Classroom structure was considered as a potential influence on student cognitive engagement factors; it serves to reason that students may feel more or less comfortable in implementing particular types of learning activities based on the physical structure of the seating (e.g., discussions with classmates may be more frequent when students are seated in pods of desks). Students reported more significantly more interactivity when seated in pods than when seated in either individual desks or rows of tables. This supports reports of barriers suggested by instructors, which indicate that seats bolted to the floor make interactivity more difficult (Dancy & Henderson, 2008). Additionally, students reported significantly higher Constructive Notetaking when seated at rows of desks than when in individual desks. Though the reason for this difference remains unclear, one possibility is students have more physical room available to them when seated at tables than at smaller desks. When in pods of desks, students reported significantly higher levels of Active Processing than when in individual desks. As can be seen in Fig. 1, rows of tables exhibited advantages in notetaking, while exhibiting higher engagement scores (not always significantly) in nearly every category when compared with individual desks. Pods of desks resulted in lower (though not always significantly lower) engagement in modes that required notetaking; for modes of engagement where interaction or processing was required, mean scores of students in pods were at or near the greatest. These results arguably point to a need to minimize individual desks in classrooms and instead provide rows of tables to facilitate student engagement through notetaking and pods to facilitate student engagement through interactivity.

Fig. 1
figure 1

Variance in SCCEI factor means based on classroom structure

Correlations between instruments

A correlation matrix resulting from a partial correlation analysis was conducted in SPSS version 25 using Pearson’s r to indicate significance. The effect of class was removed by indicating class number as a control variable. The development of both the PIPS and SCCEI suggests some correlation between factors within either instrument; we therefore removed these correlations and significance from the matrix (e.g., correlation between PIPS factors Summative Assessment and Formative Assessment are not shown). In Table 8, we present the correlation matrix for factors between the PIPS and SCCEI. Correlations represent the strength of the relationship between factors, ranging from − 1 to 1. Larger negative values indicate a strong inverse relationship between the factors—as one factor increases, the other factor decreases. High positive numbers indicate that factors are directly correlated. Significance indicates the percent likelihood that the correlation is a result of the error. Confidence intervals can be derived from converting significance into percentages and subtracting from 100%. At the 95% confidence interval, three correlations were found to be significant. At the 90% confidence interval, an additional correlation was observed to be significant.

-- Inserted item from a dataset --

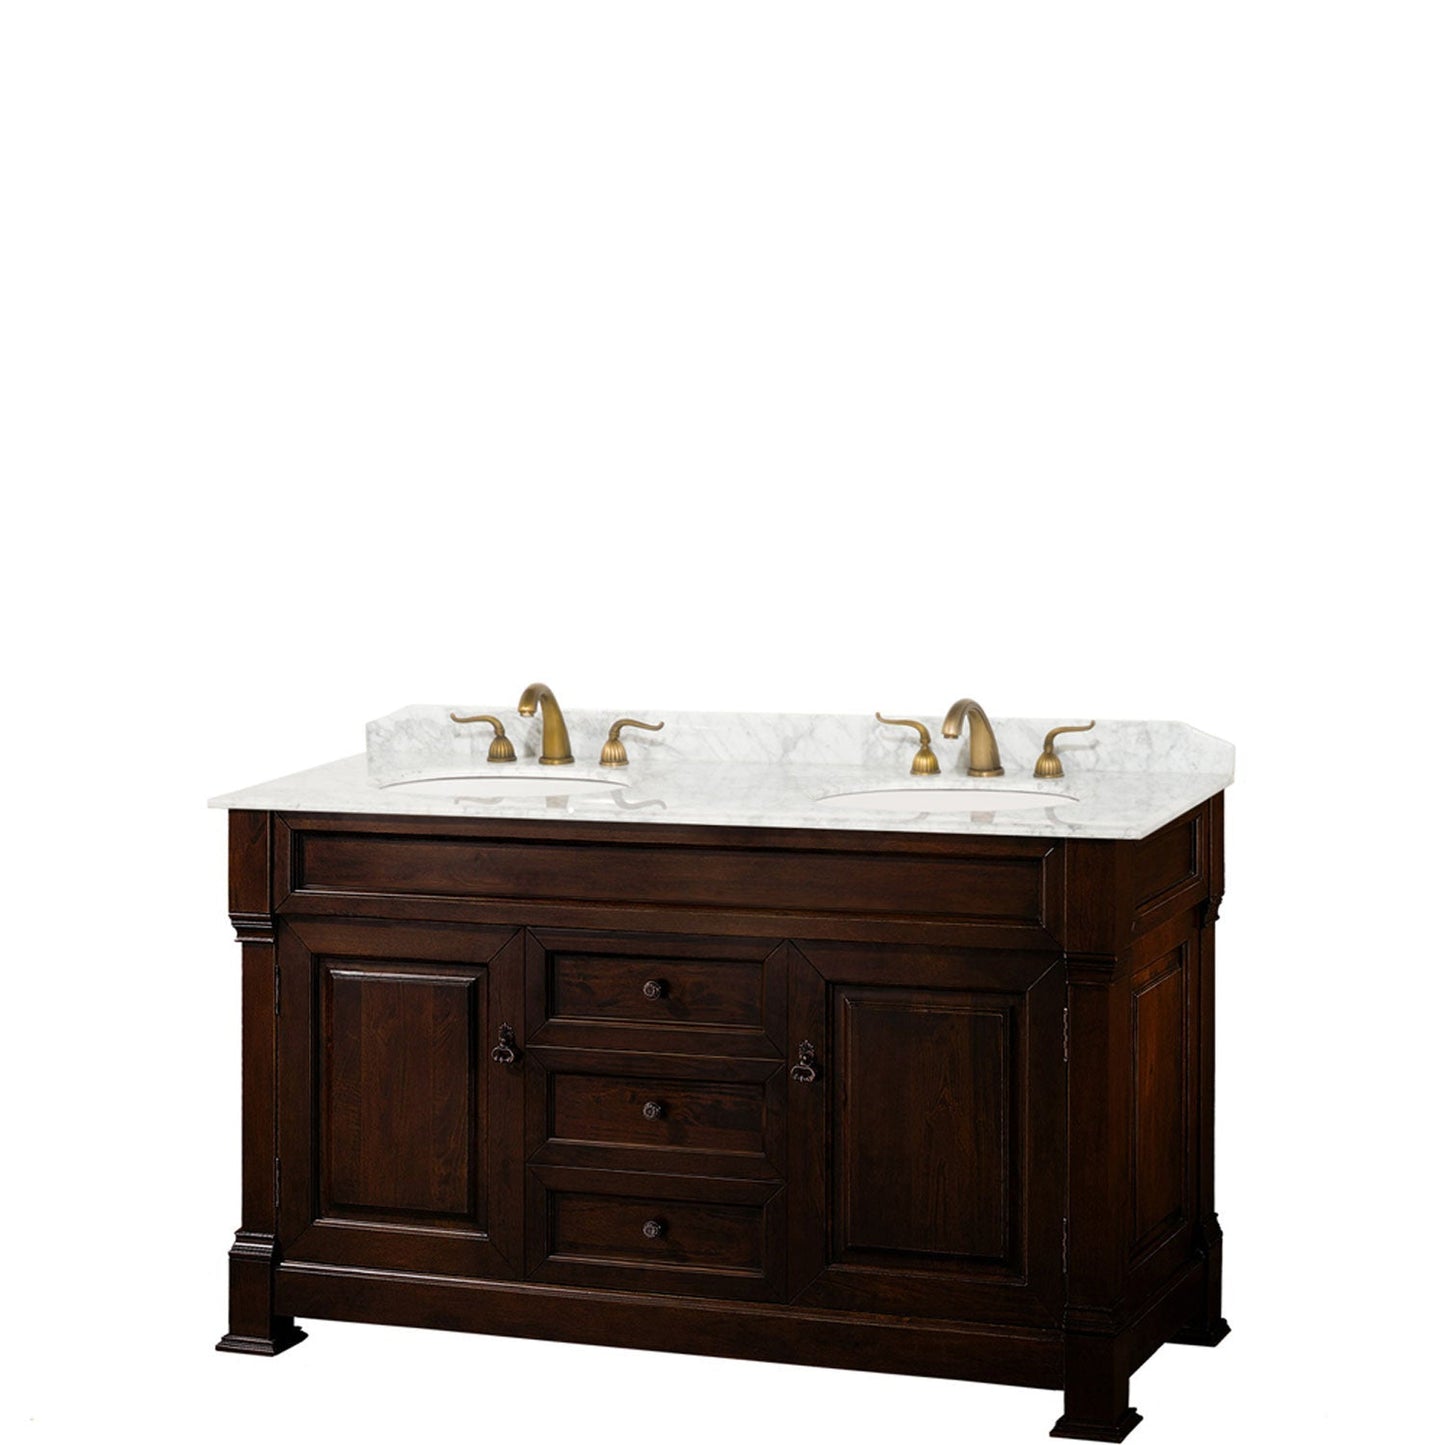 Wyndham Collection Andover 60" Double Bathroom Vanity in Dark Cherry With White Carrara Marble Countertop & Undermount Oval Sink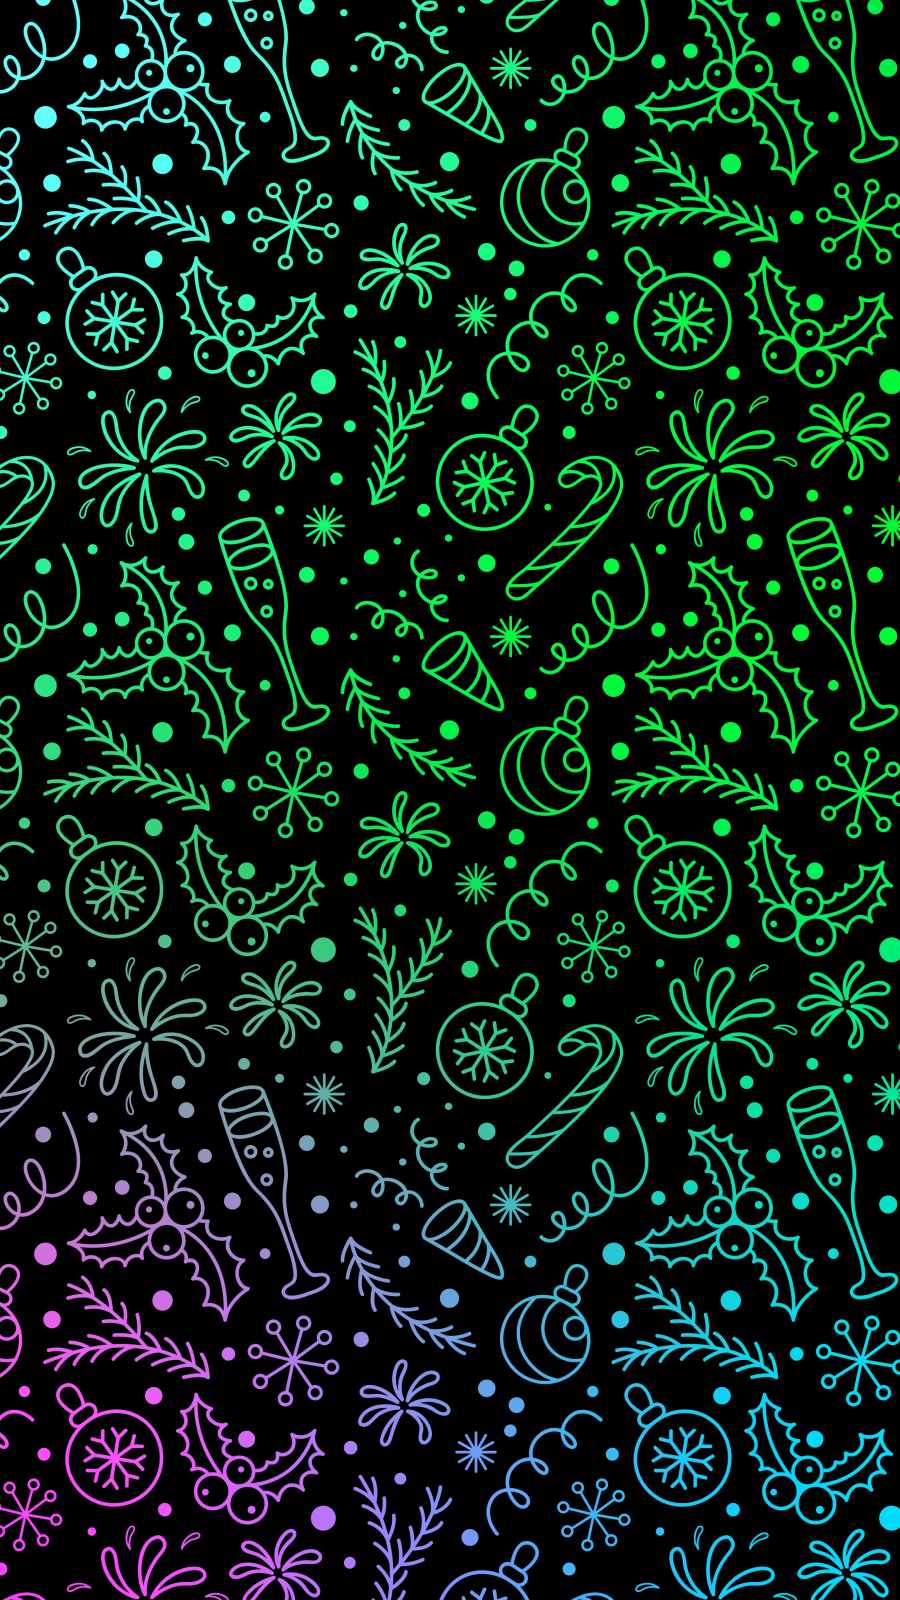 Holiday Iphone Wallpapers

Table 8 Partial correlation matrix of SCCEI and PIPS

Active Notetaking was seen to have a strong correlation with Content Delivery. We see this as evidence of agreeance in how instructors report on their practices and how students respond to them. Content Delivery items include I guide students through major topics as they listen and take notes and My class sessions are structured to give students a good set of notes; Active Notetaking items include I take verbatim notes (meaning word for word directly from the board/PowerPoint, etc.). A positive correlation between the factors indicates that as instructors report stronger agreeance with items suggesting they provide students with structured notes, students likewise report increased frequency of copy notes from the board. Active Notetaking was also positively correlated with Summative Assessment at the 95% confidence interval. Summative assessment items include My test questions contain well-defined problems with one correct solution. Results suggest that as instructors report increasingly high agreeance with providing assessment with singular correct answers, students report increasing frequency of taking verbatim notes on course content. This aligns with work that suggests students’ learning strategies are influenced by the assessment demands of the course (Lucas & Ramsden, 1992).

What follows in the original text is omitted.